The structure still aims to raise up to $75 billion. If the company reaches that full amount, the transaction would surpass previous global IPO records. That helps explain why markets are paying close attention: this is not just another listing, but a test of how much appetite exists for a company trying to bridge aerospace, communications, and AI infrastructure at historic scale.
Timeline for the SpaceX Nasdaq listing and SPCX ticker
The next major milestone comes quickly.
Investor presentations are scheduled to start June 4, with final share pricing targeted for June 11. Trading is expected to begin on Nasdaq and Nasdaq Texas using the SPCX ticker.
Those details give the market a clear framework, even if final terms are expected to take shape during the marketing process. The roadshow will be especially important because that is where big institutional investors will pressure-test the valuation, the growth story, and the company’s widening identity.

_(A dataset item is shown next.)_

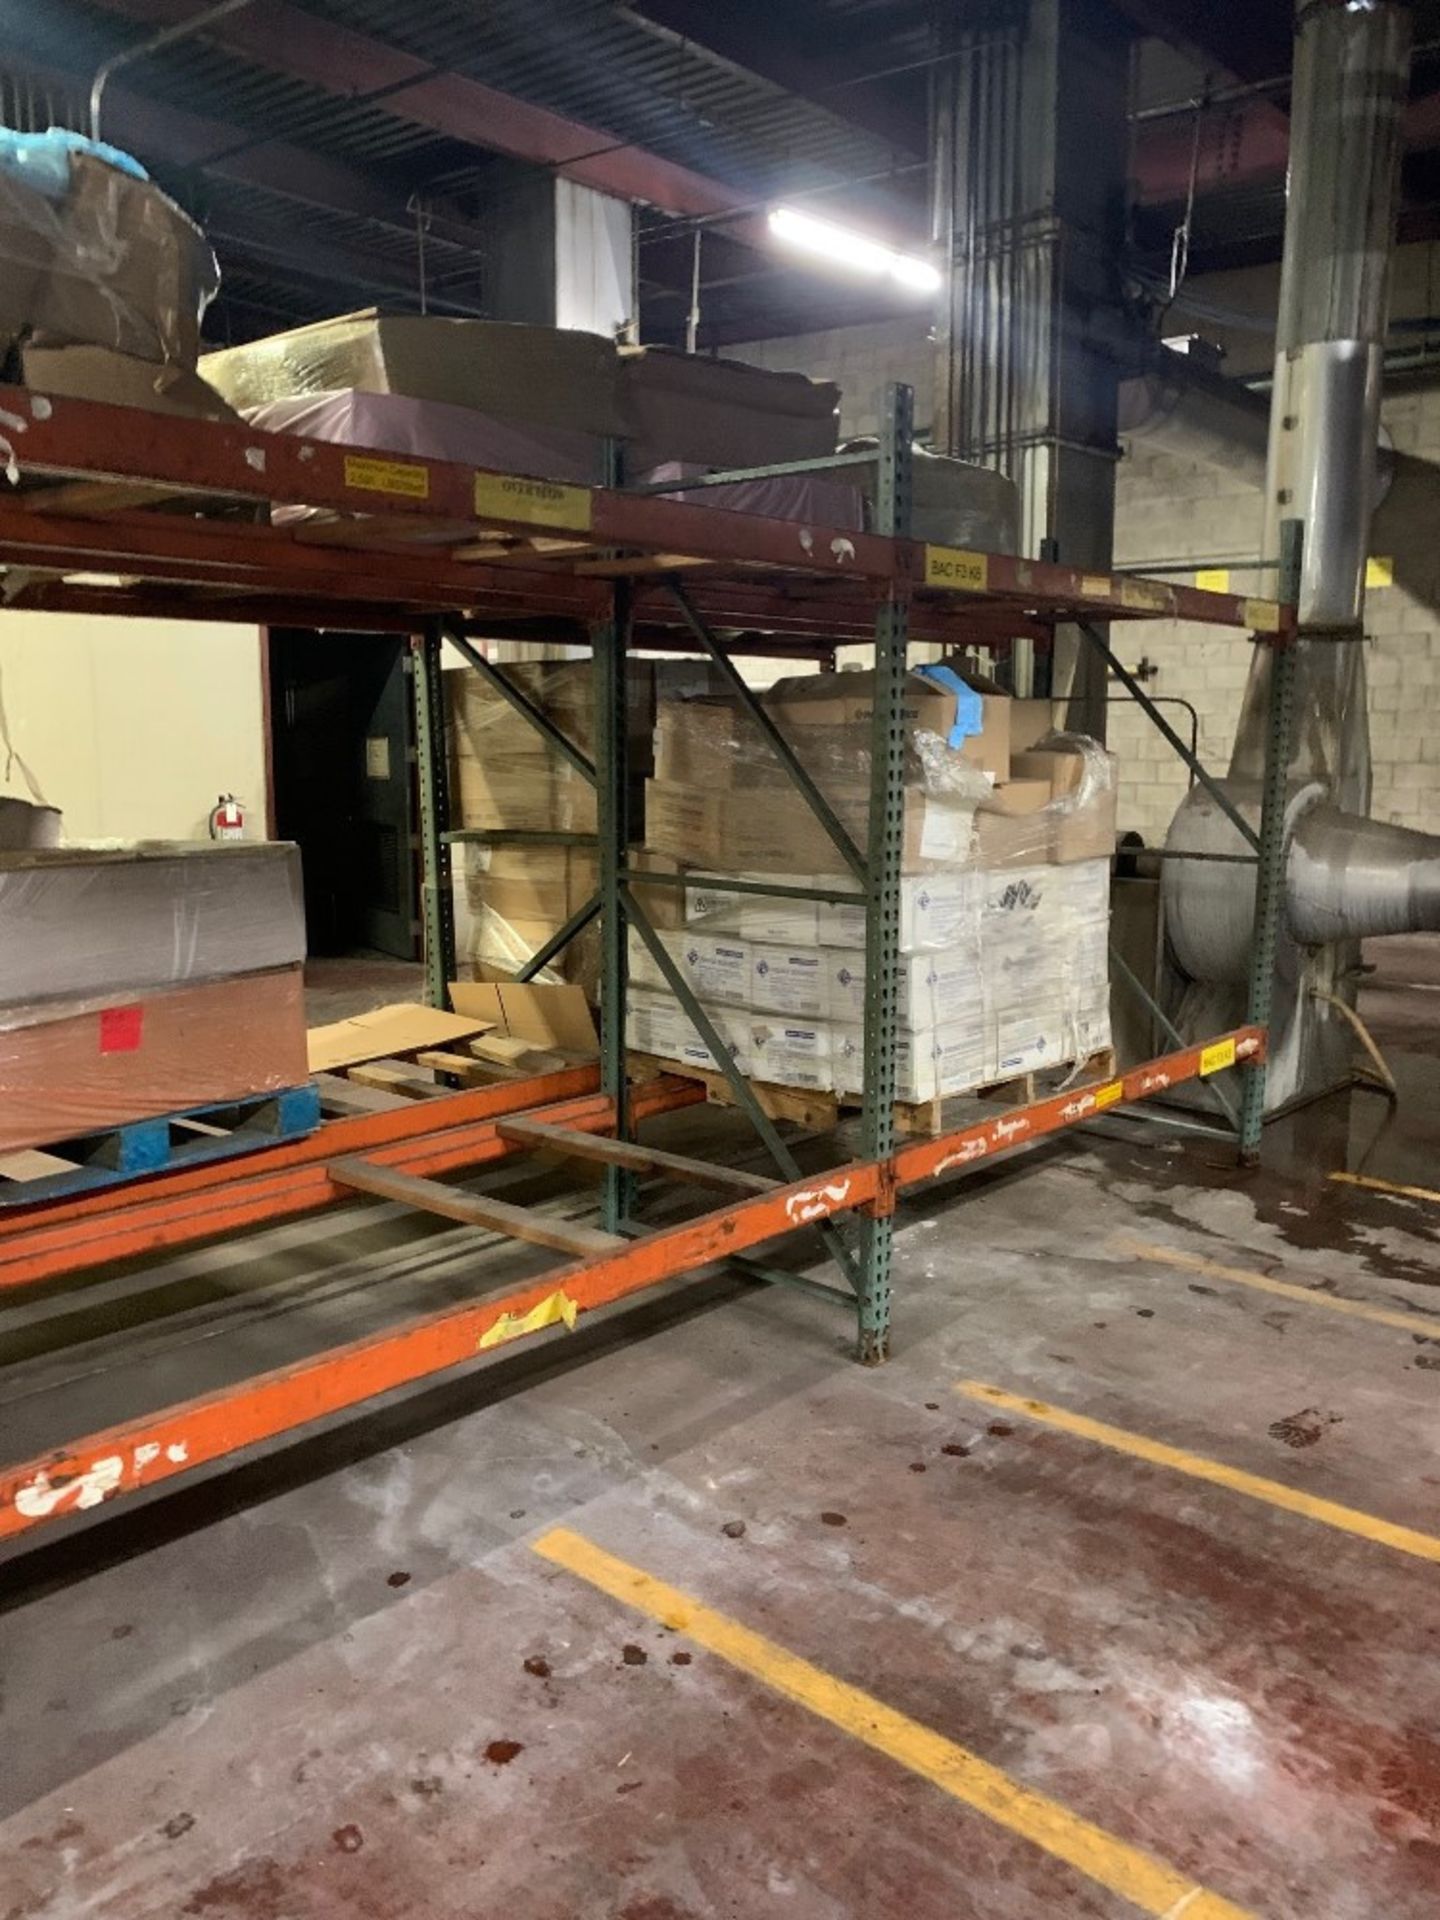 Lot (15) Sections Pallet Racking does not include contents: Required Loading Fee $400.00, Rigger- - Image 2 of 3
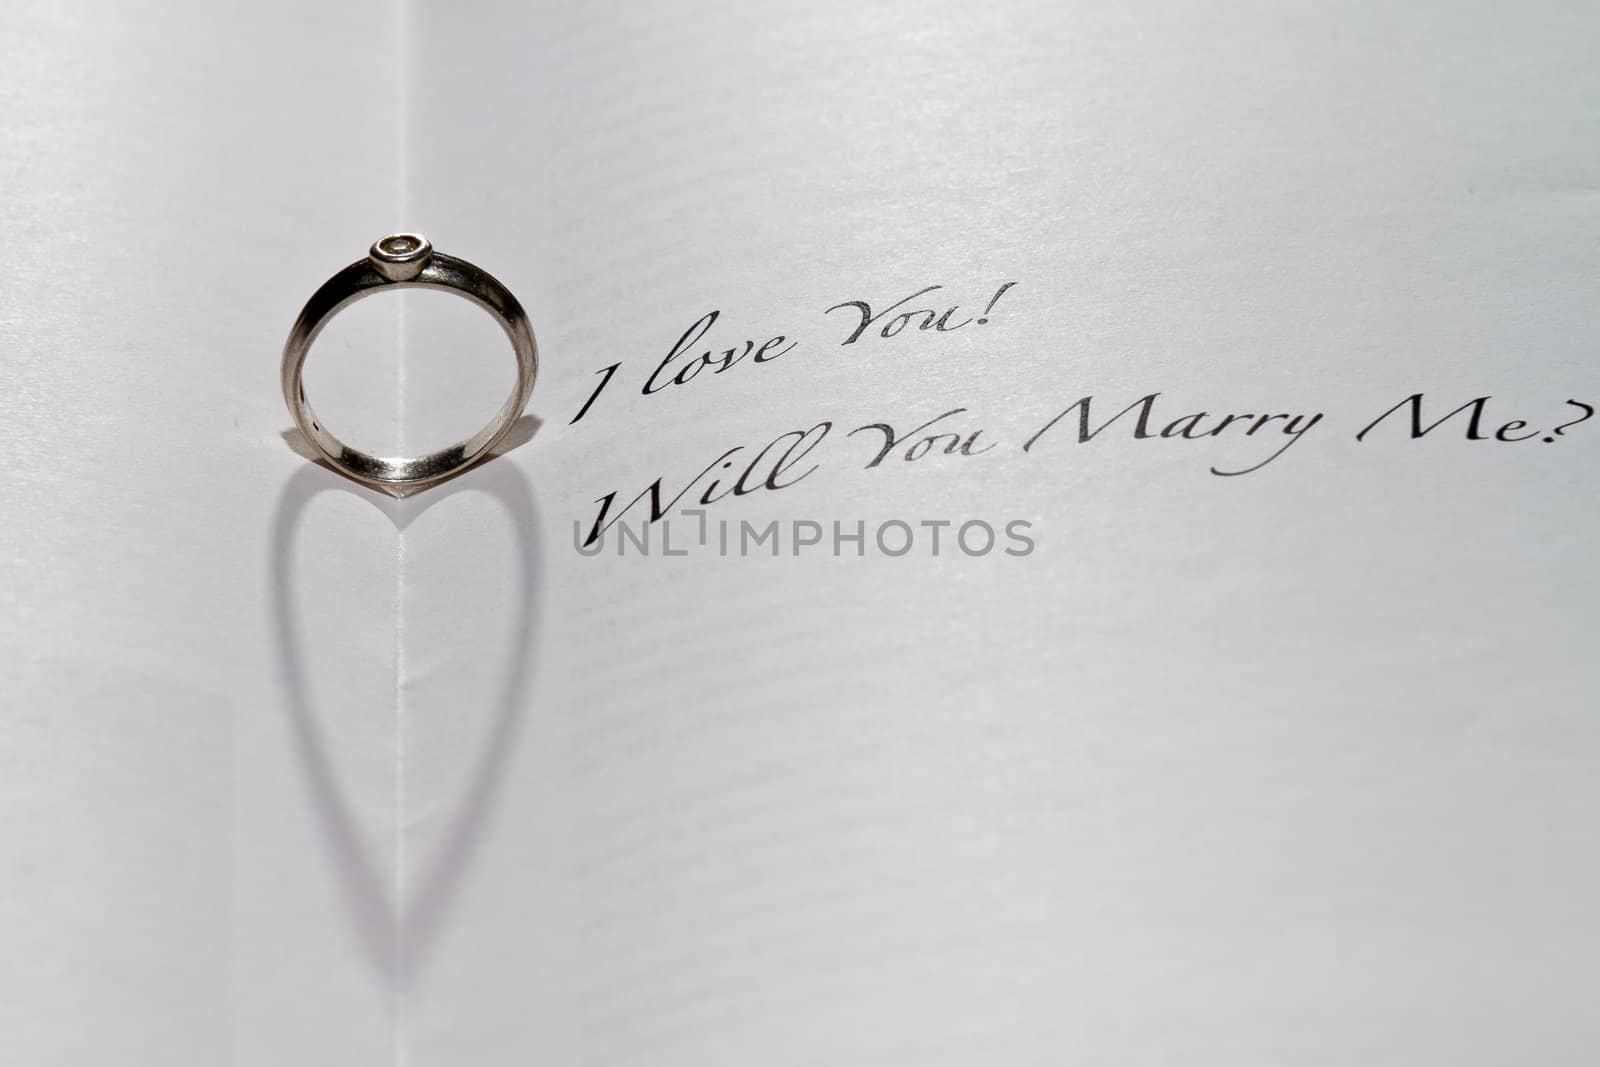 Ring casting heart shadow in book with the sentence "I Love You! Will You Marry Me?"

A group of 23 financial institutions is set to manage the offering, with Goldman Sachs, Morgan Stanley, Bank of America, Citigroup, and JPMorgan Chase in lead roles.
Filings show stronger revenue but a sharp swing to losses
For all the excitement around the debut, the filings show a more complicated financial picture.
Regulatory documents submitted May 20 reported that SpaceX brought in $18.7 billion in 2025 revenue, up from $14 billion the year before. That kind of top-line growth supports the case that the business is expanding rapidly and can still command one of the most aggressive valuations ever proposed for a public-market debut.
However, revenue growth did not translate into profit. SpaceX posted a $4.94 billion deficit in 2025 after recording $791 million in net income in 2024.
That reversal is one of the most important facts in the filing. It shows investors are not simply being asked to fund a profitable aerospace leader. Instead, they are being asked to buy into a company spending heavily to reshape itself, with major capital deployment tied to AI infrastructure and broader expansion.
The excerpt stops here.